▶ Task requirements:
Everything in the data must be repeated exactly, apart from the pictures, which are left out.
==== Data extract ====
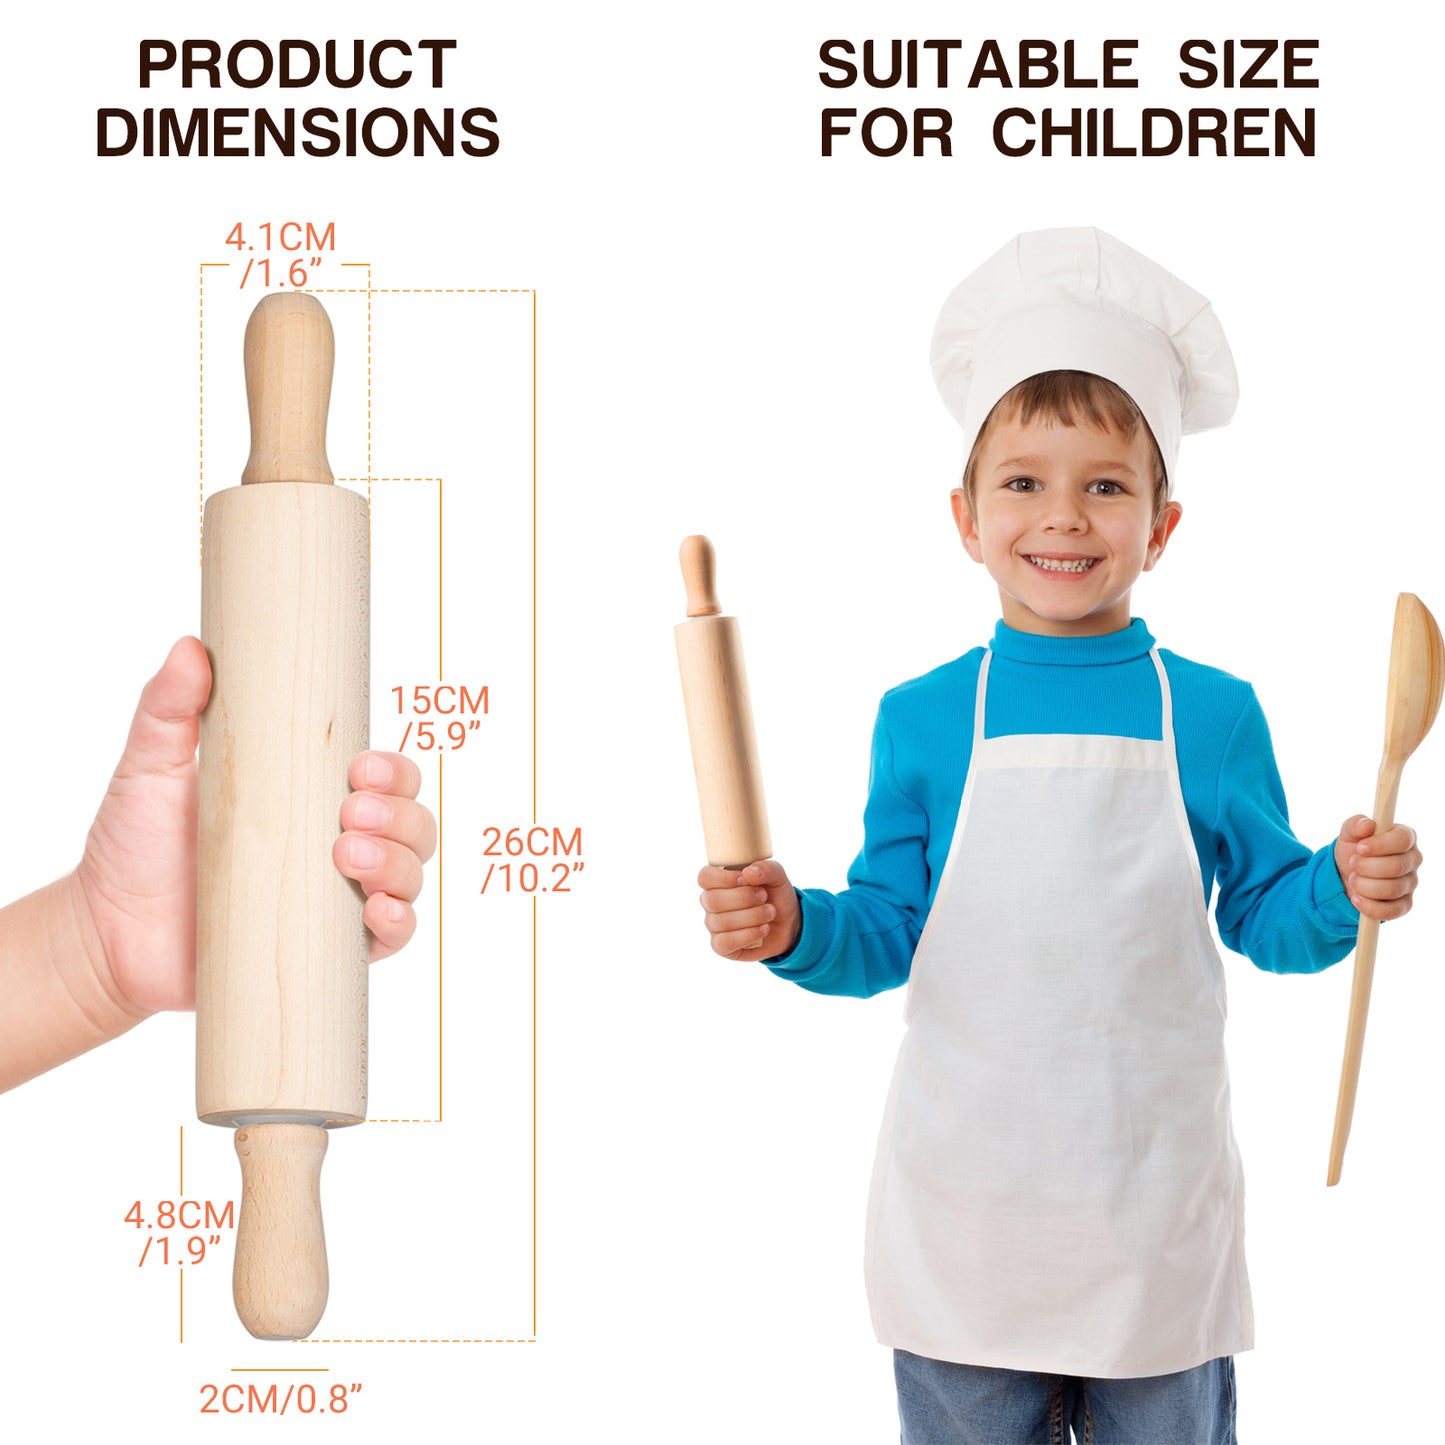 Classic Mini Wooden Rolling Pin 10.2 Inch for Kids
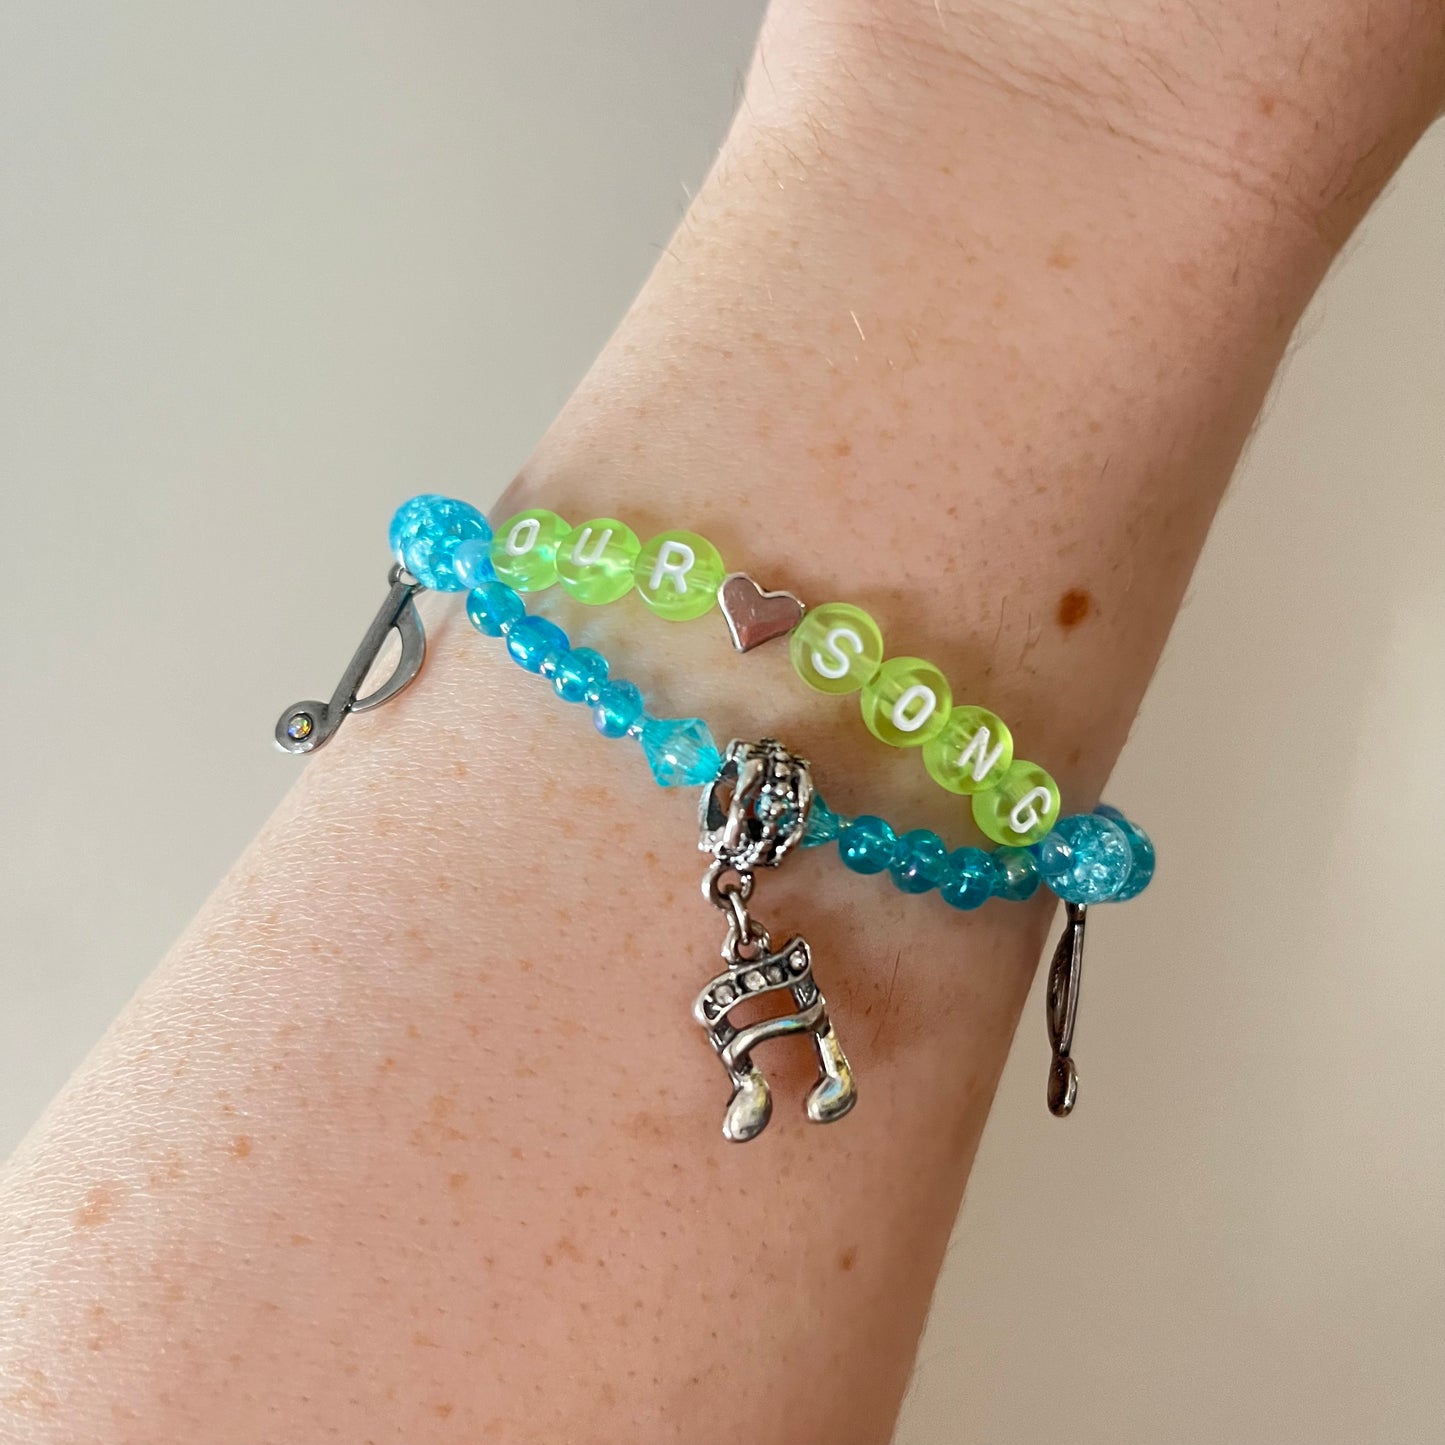 Our Song Bracelet
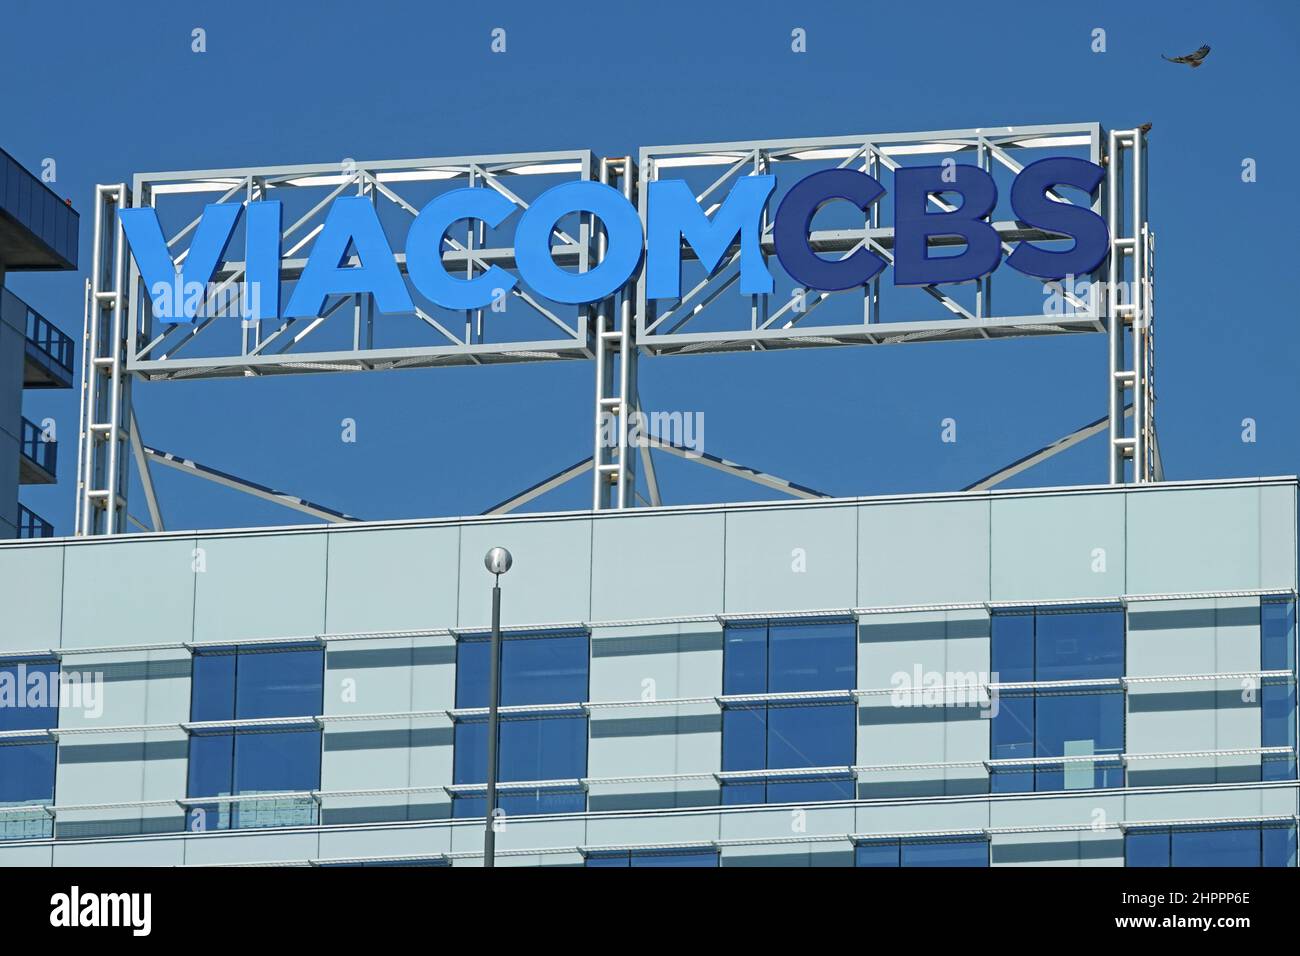 Los Angeles, CA / USA - Feb. 18, 2022: A VIACOMCBS logo is shown atop a building at CBS Columbia Square in Hollywood. Stock Photo
====
▶ Output of the task:
 Classic Mini Wooden Rolling Pin 10.2 Inch for Kids
 Our Song Bracelet
 Los Angeles, CA / USA - Feb. 18, 2022: A VIACOMCBS logo is shown atop a building at CBS Columbia Square in Hollywood. Stock Photo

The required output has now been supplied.